First, as many recall, in a highly anticipated meeting between President John Magufuli and Barrick chairman John Thornton Thorton at State House in October 2017, a much-celebrated resolution was reached in which the government’s chief negotiator, Professor Palamagamba Kabudi, emphasized that Tanzania’s total share of mineral wealth will be over 60 percent as a result of 50/50 profit-sharing, plus an additional 16% government shareholding. In a joint televised interview with Thornton, President Magufuli hailed the deal as historic and said Barrick were no longer thieves and that the two sides can now sit together to resolve outstanding issues as genuine partners. Among key issues agreed on that day, October 19, 2019, were (1) 50/50 profit-sharing, (2) a sixteen percent government stake in a new company to be headquartered in the mineral-rich Mwanza region, (3) Barrick to build a smelter in Tanzania to boost value addition, (4) Barrick to make a one-off payment of $300 million, (5) Settling disputes within Tanzania, (6) all Acacia’s banking transactions to use Tanzanian banks, (7) Improving the conditions of local communities adjacent to gold-mining areas and (8) the work and safety conditions of mine workers to be improved, among other provisions. 
In the most recent deal, the government has made a dramatic U-turn, which, among other things, includes: (1) providing Barrick with access to international arbitration in Singapore, (2) no longer forcing Barrick to build a smelter, (3) the ban on copper concentrates to be lifted once the deal is finalized, (4) requirement for public listing potentially to be waived, (5) transactions with foreign banks to be allowed, and (6) the promised $300 million one-off payment to be paid in seven instalments. One wonders what happened to the famous 2017 deal, which was celebrated across the country and in other parts of Africa! In short, recent concessions in the latest deal clearly show that it is not as good as Tanzania’s citizens expected on the basis of the 2017 euphoria. 

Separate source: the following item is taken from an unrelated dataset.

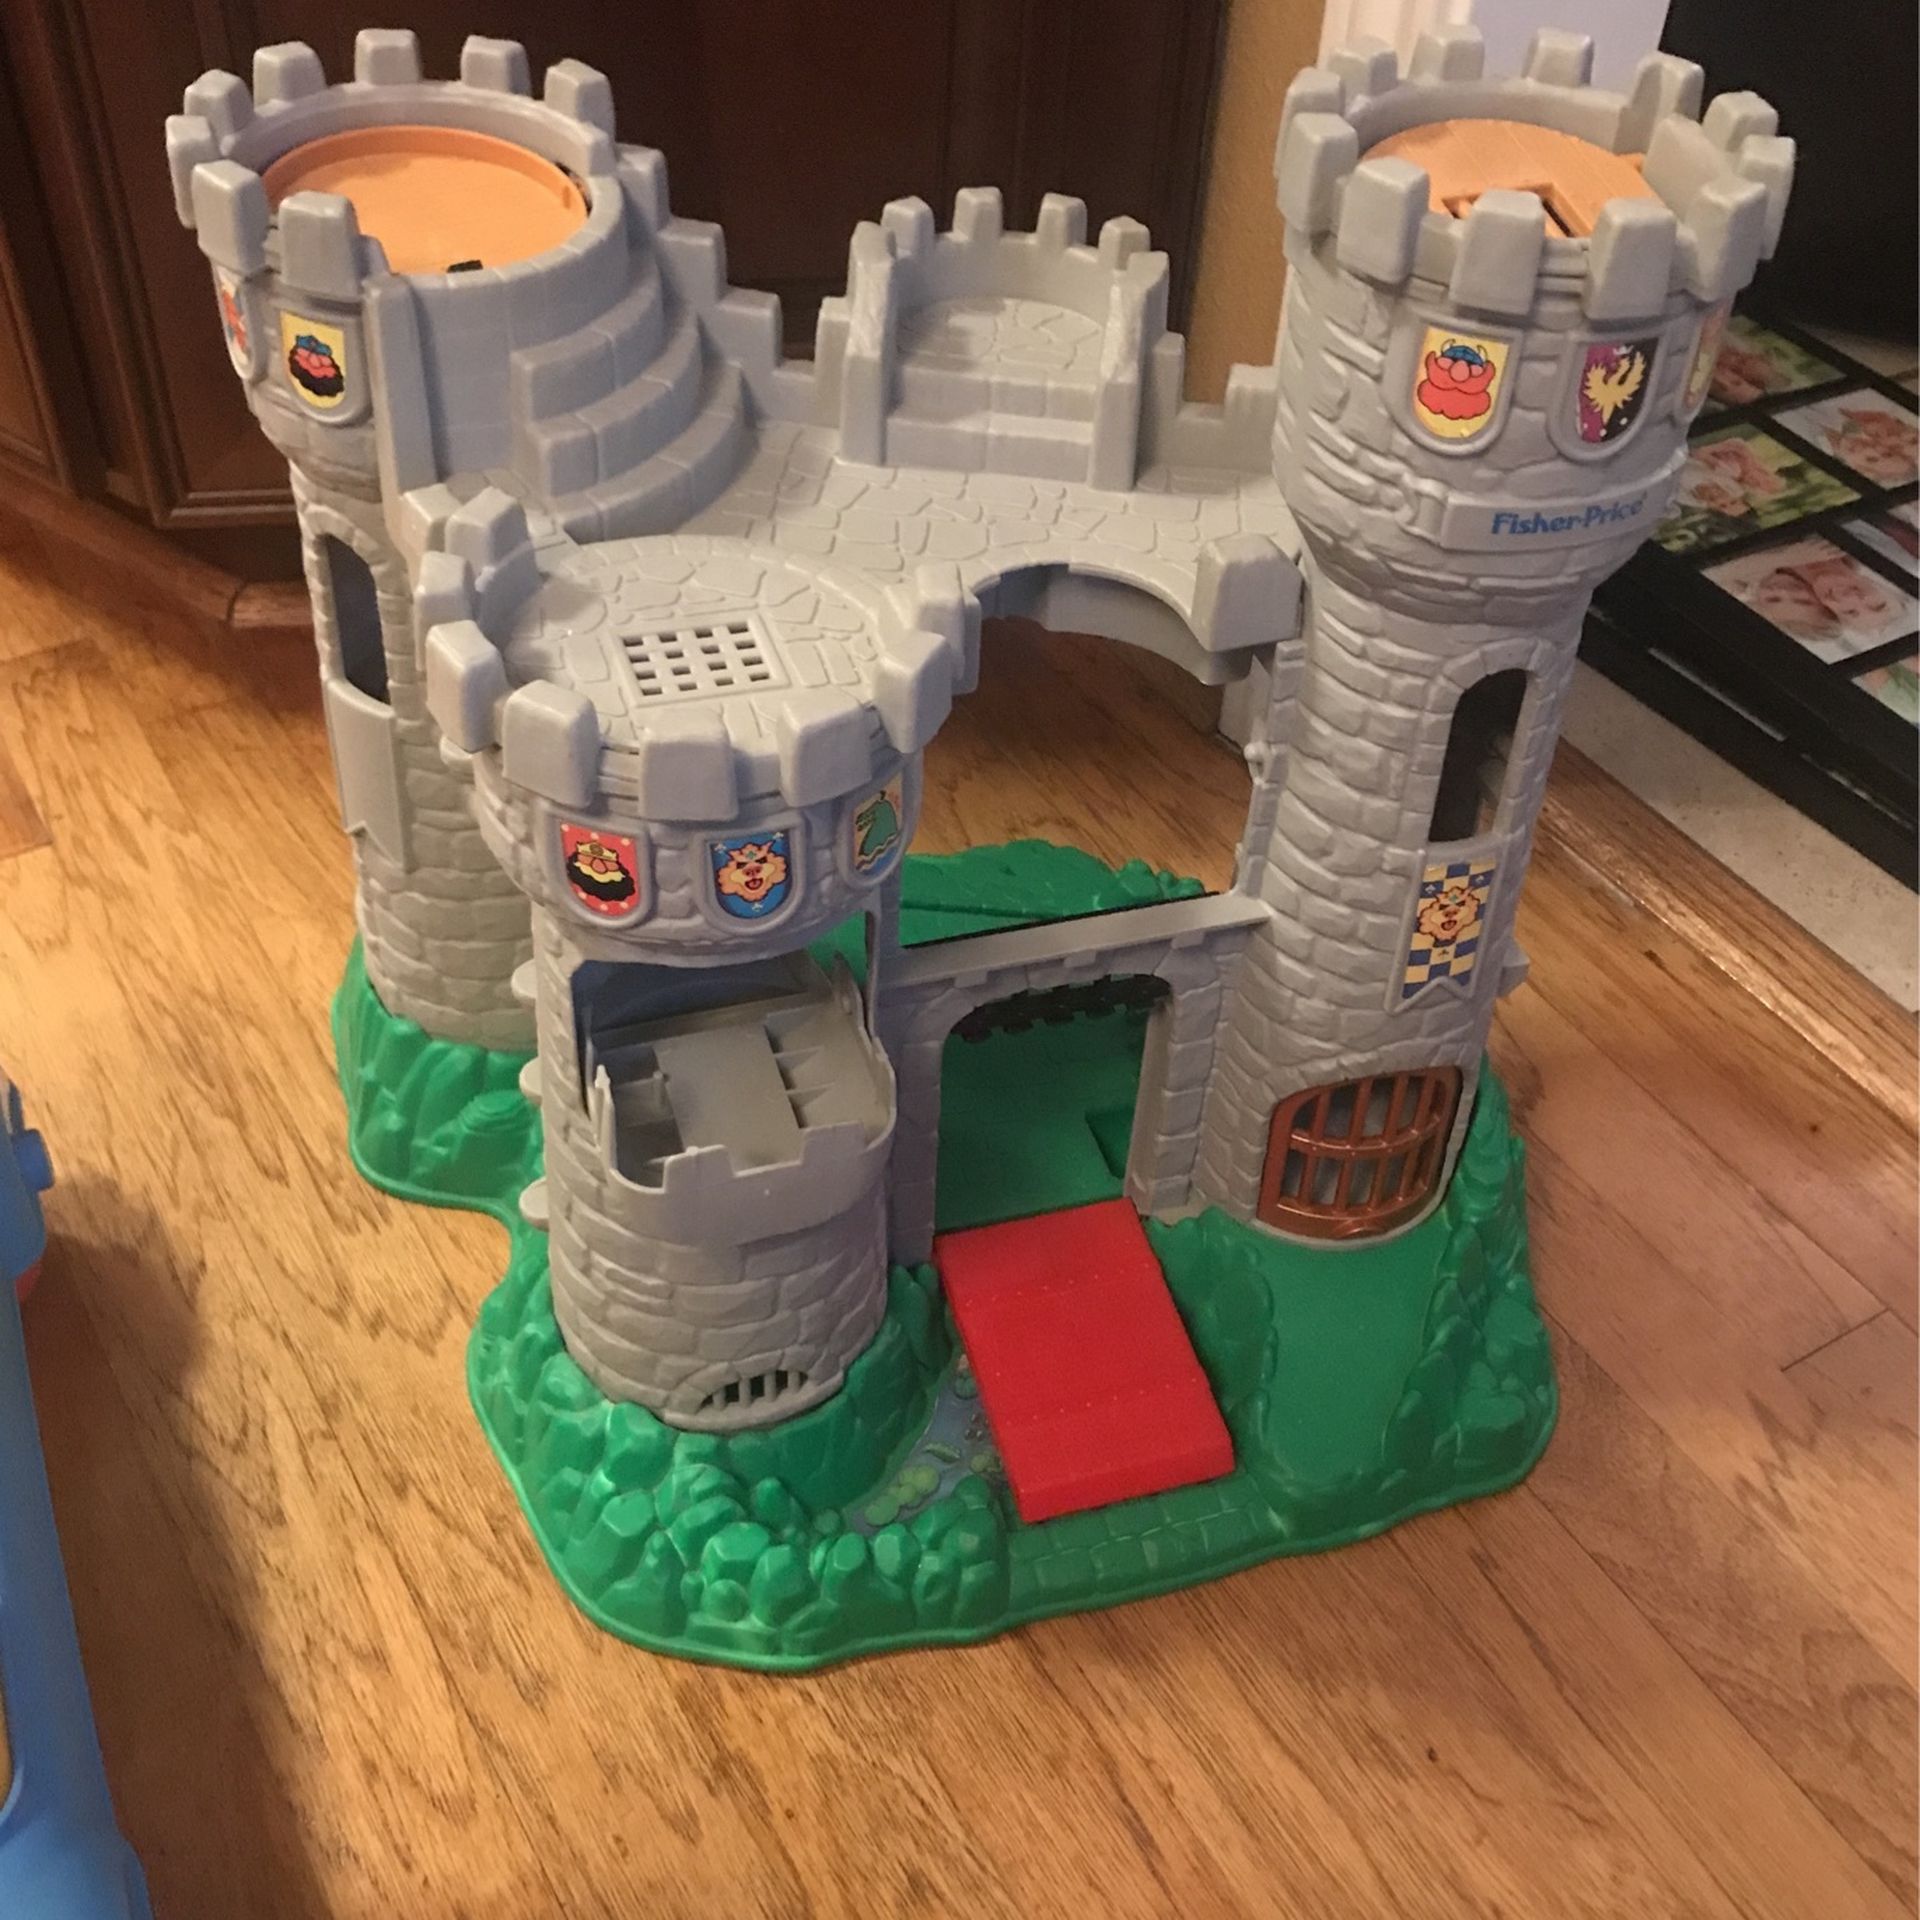 Fisher Price Imaginext Castle

As HakiRasilimali’s analysis indicates, the Tanzania–Barrick settlement also shows the current deal making a sharp divergence from the strict intentions stated by the government through legislation passed in 2017, which were hailed across Africa as a radical transformation of the sector, although some of us have argued that these reforms were also motivated by the increasing electoral threat and Magufuli’s quest for legitimacy. Again, HakiRasimali’s analysis confirms what many observers in the sector already knew, namely that the outcome of the current deal represents a legislative dilemma by rendering some sections of various pieces of legislation useless. ACT-Wazalendo were also right to say the deal was bad, and the government wanted the details to be kept secret, but thanks to stock market regulations, Barrick had no option but to make the agreement public.
While I agree with Dastan that the next EITI report may offer more insights into the nature of the deal, we already know that it is not good for the country based on its divergence from the existing legal framework and the complete U-turn from the initial ’good’ deal agreed in 2017. Finally, while a lot of attention has focused on the deal’s fiscal aspects, stakeholders should take time to discuss its implications beyond taxes and revenues and focus more on other critical areas, such as human rights and environmental issues, which have received less attention recently. This is important bearing in mind the abuses that local communities have suffered in the past, an issue that Acacia has acknowledged before, and given also that most recent research shows communities still being troubled by abuses and concerns over pollution.